## RECORDED INFORMATION
※ ※ ※

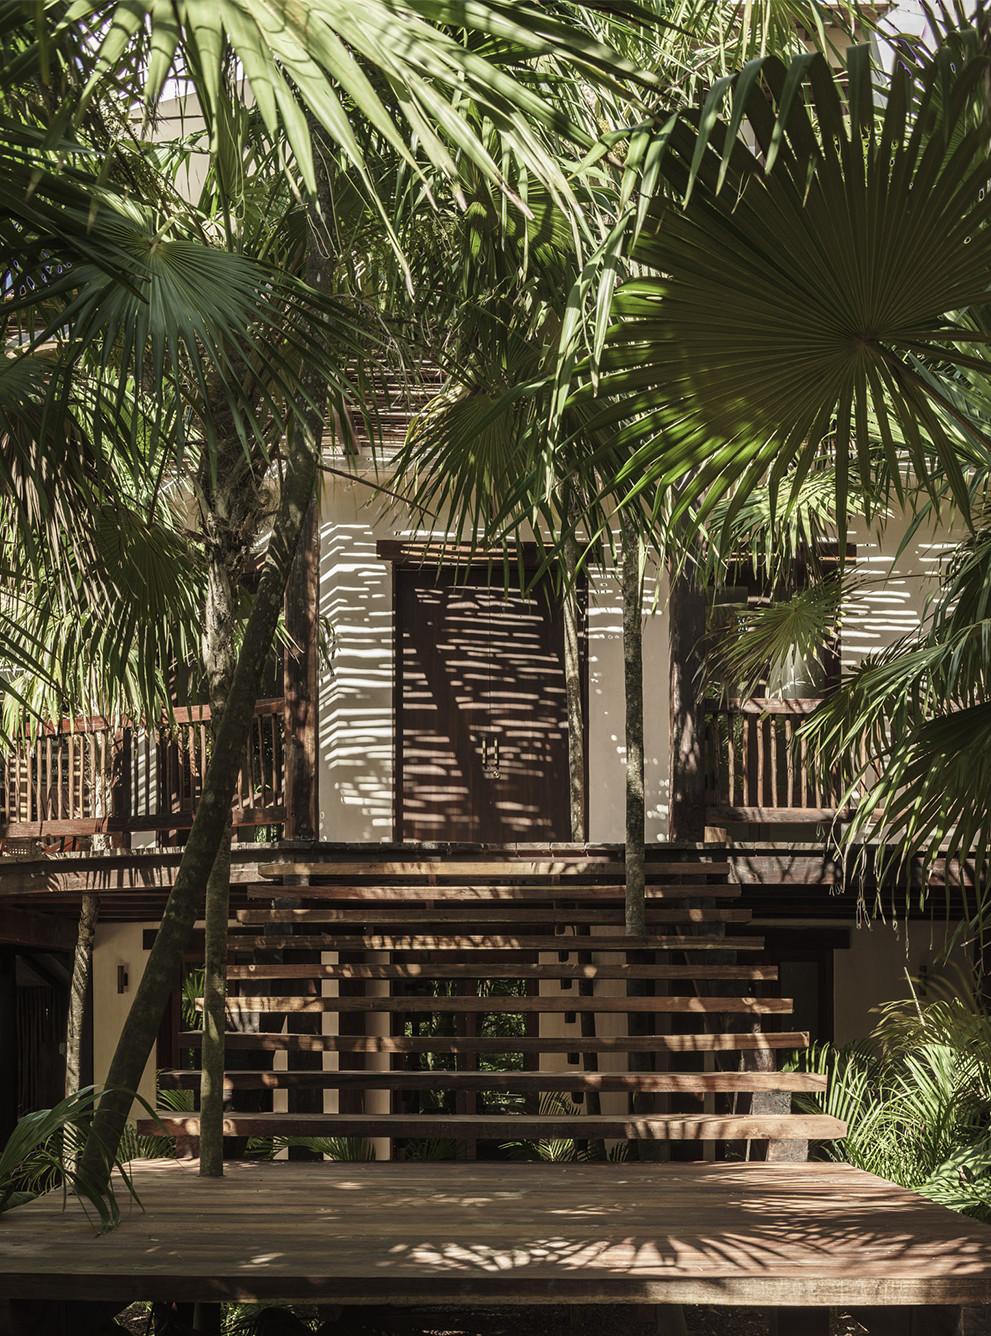 tulum-treehouse-house-009-04.jpg
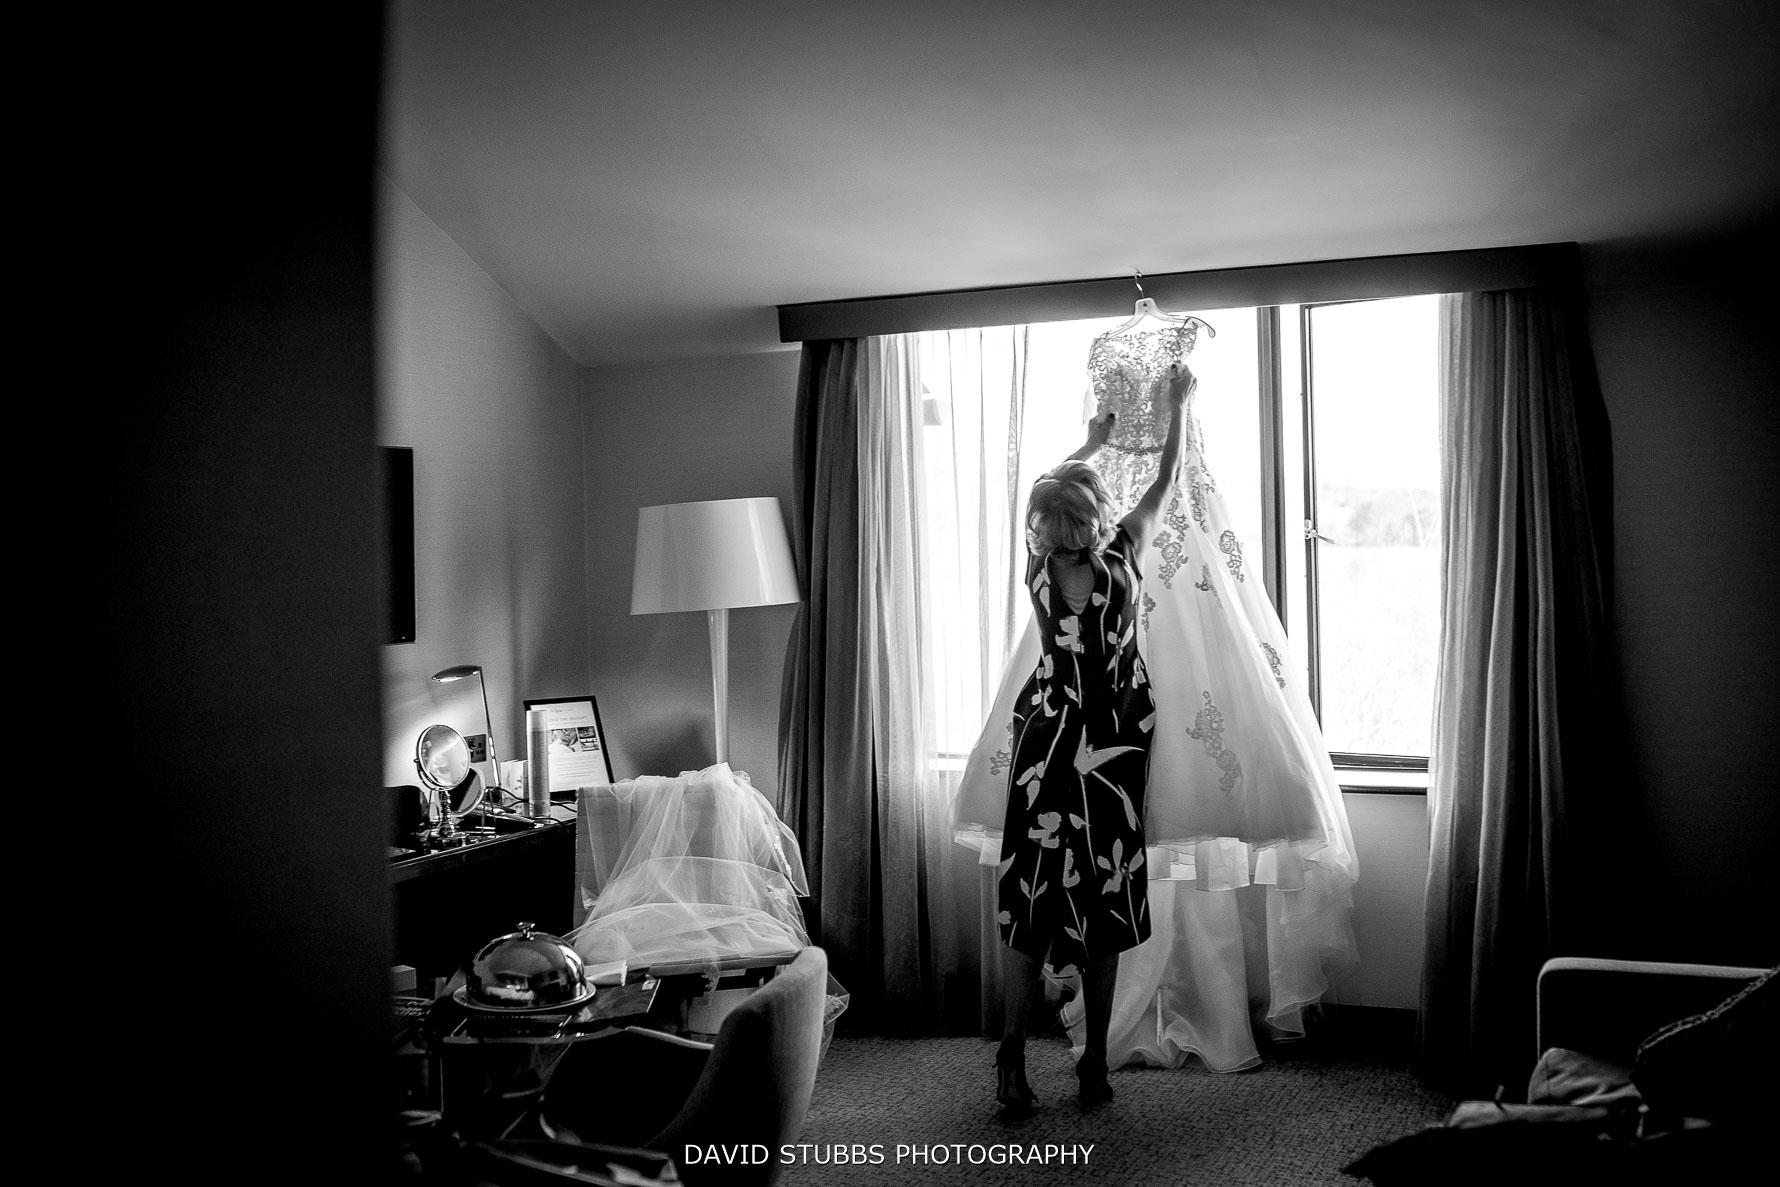 taking the wedding dress down
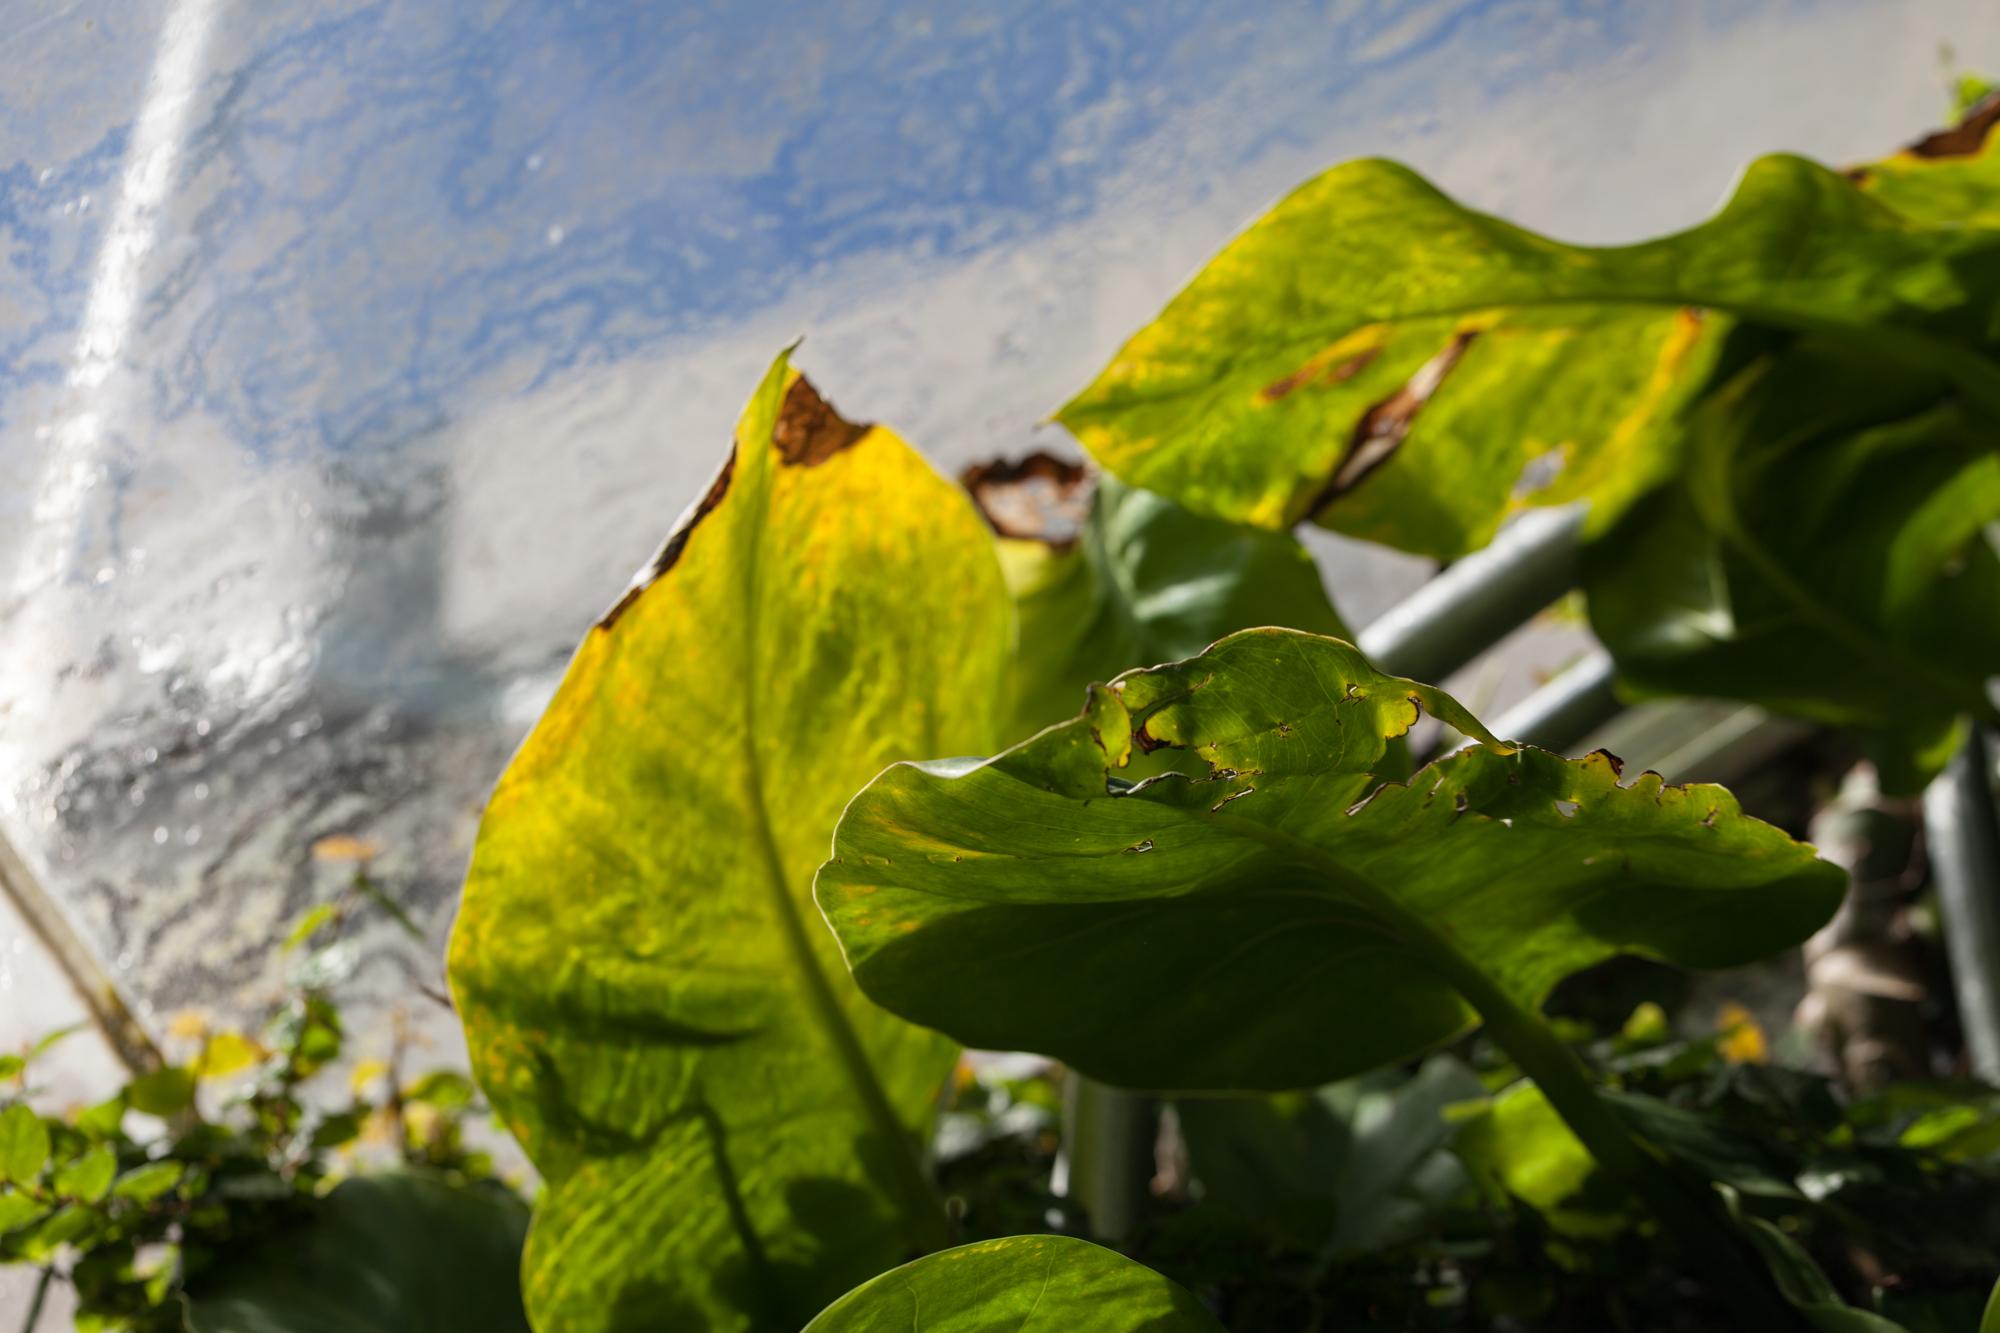 pothos-allan-garden-conservatory.jpg

※ ※ ※

## WORK TO BE COMPLETED
Since the pictures are not part of the copy, transcribe only the remaining material, exactly.

## ANSWER SECTION
 tulum-treehouse-house-009-04.jpg
 taking the wedding dress down
 pothos-allan-garden-conservatory.jpg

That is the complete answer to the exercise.